(DIRECTIONS FOR THIS TASK):
Repeat the data below in full. Pictures must not be part of the copy.

(SUPPLIED DATA):
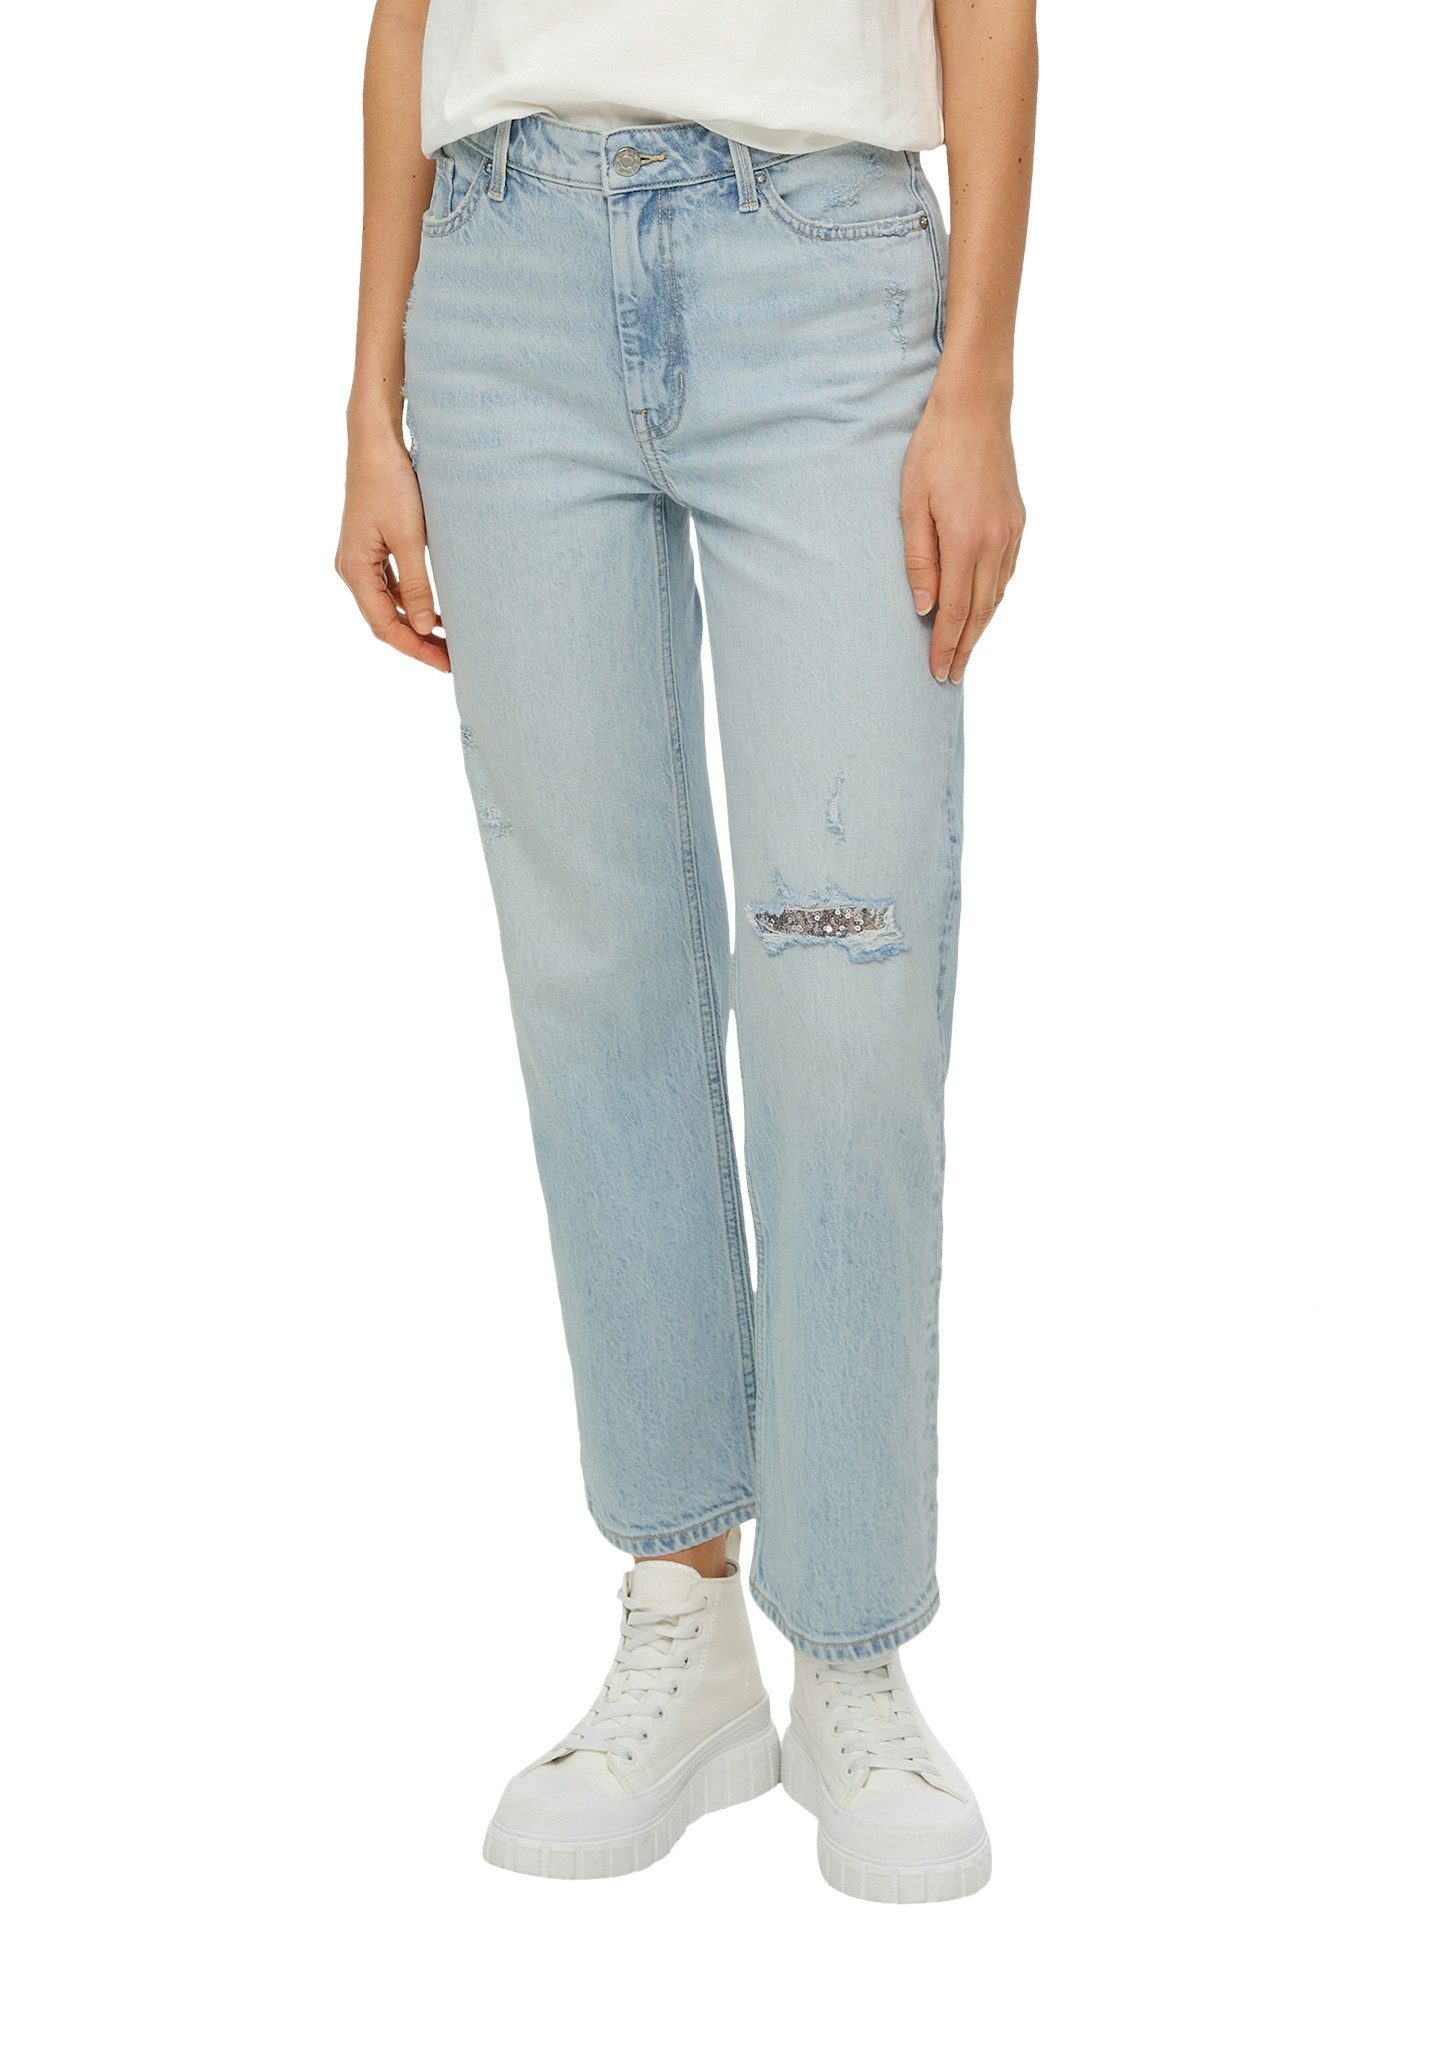 S.Oliver 5-pocket jeans Karolin
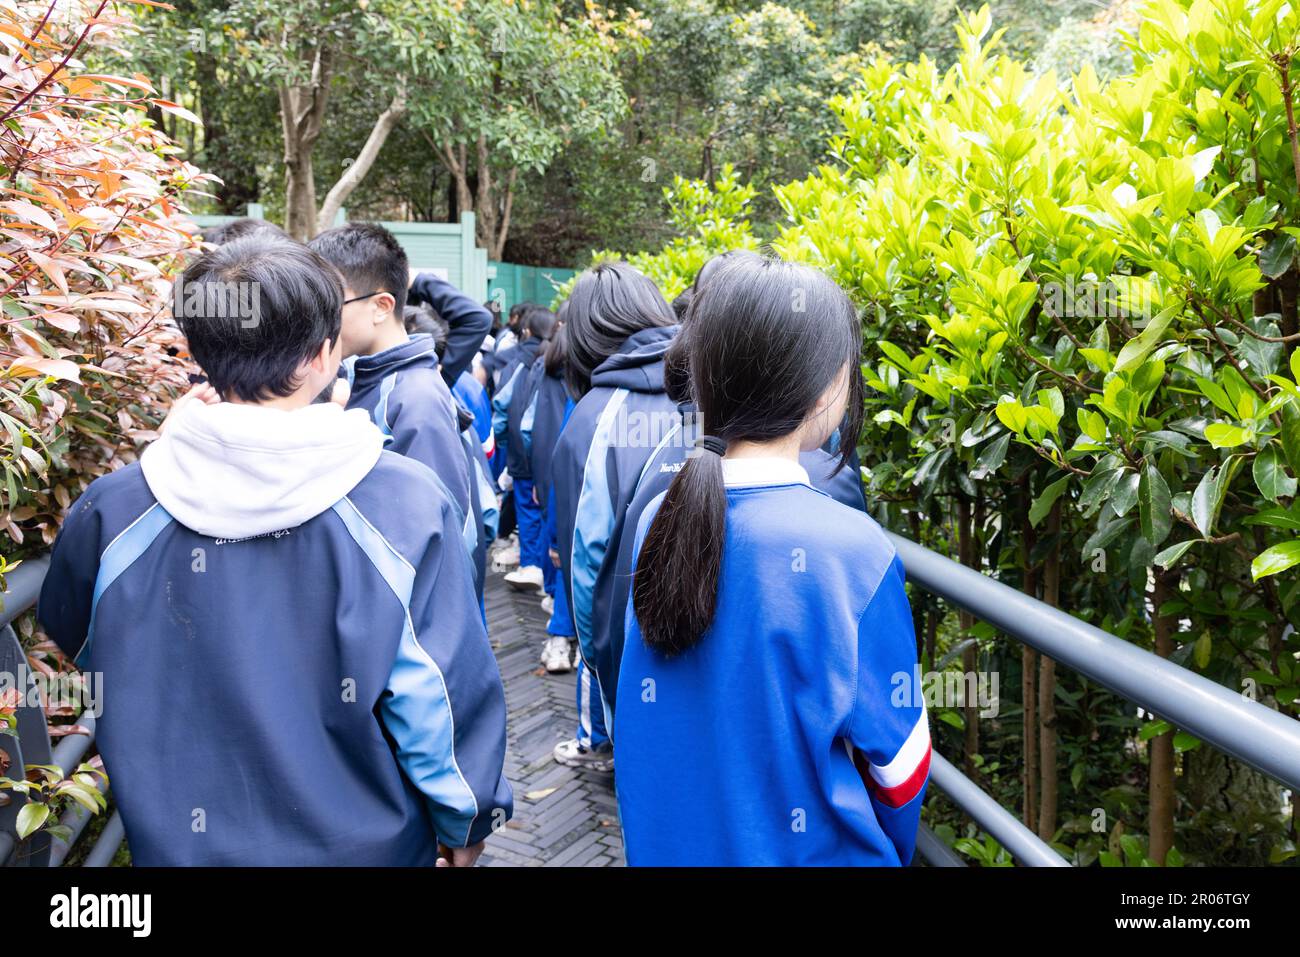 Vue arrière de jeunes garçons et filles du secondaire ou du secondaire en uniforme ou rassemblement pour un grand événement à Shaoshan, Hunan, Chine Banque D'Images
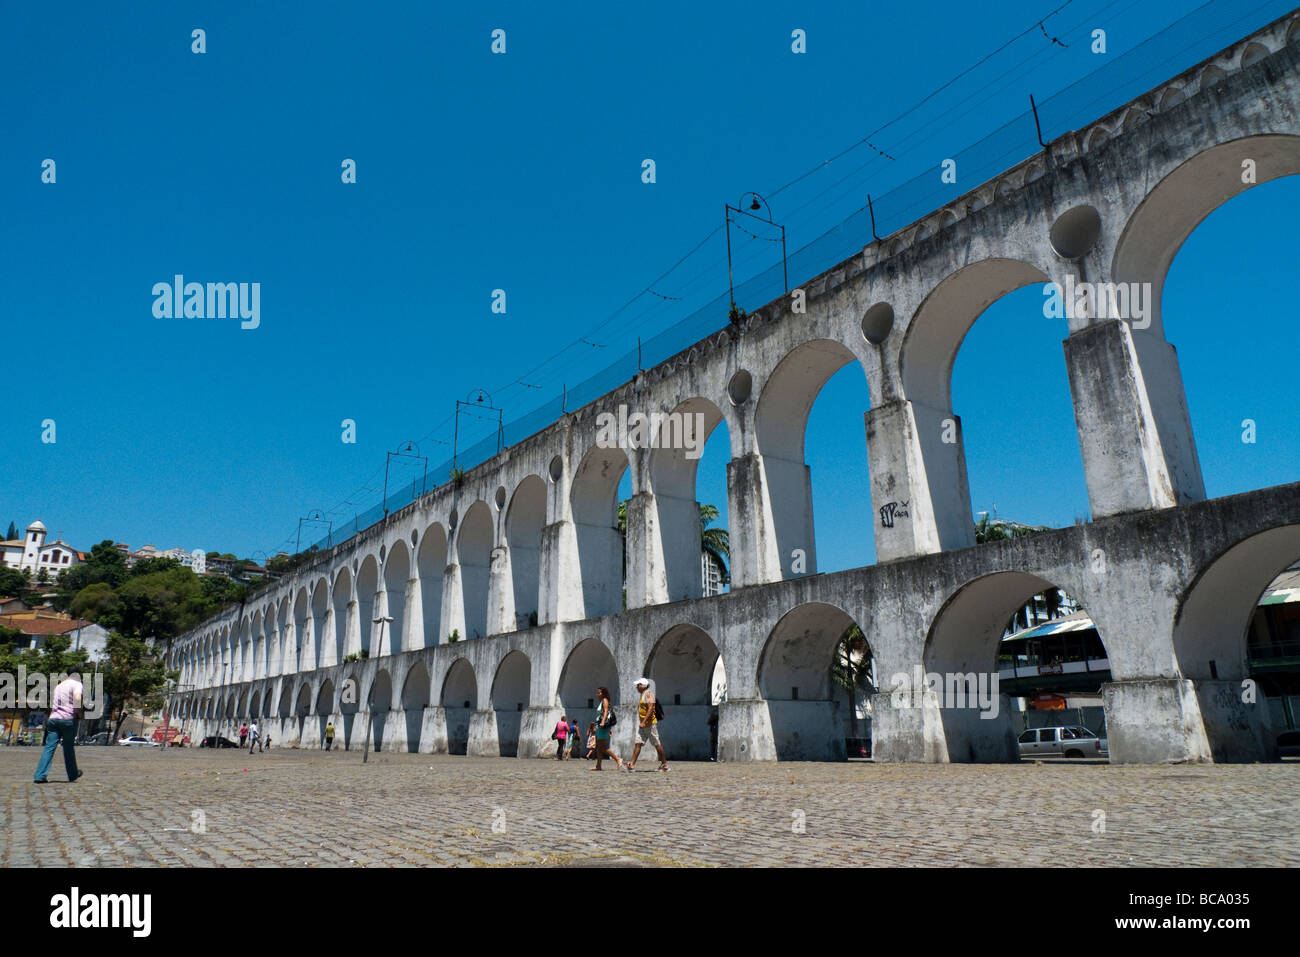 A photograph of the tram bridge in Rio de Janiero, Brazil Stock Photo

(OUTPUT OF THE TASK):
 S.Oliver 5-pocket jeans Karolin
 Vue arrière de jeunes garçons et filles du secondaire ou du secondaire en uniforme ou rassemblement pour un grand événement à Shaoshan, Hunan, Chine Banque D'Images
 A photograph of the tram bridge in Rio de Janiero, Brazil Stock Photo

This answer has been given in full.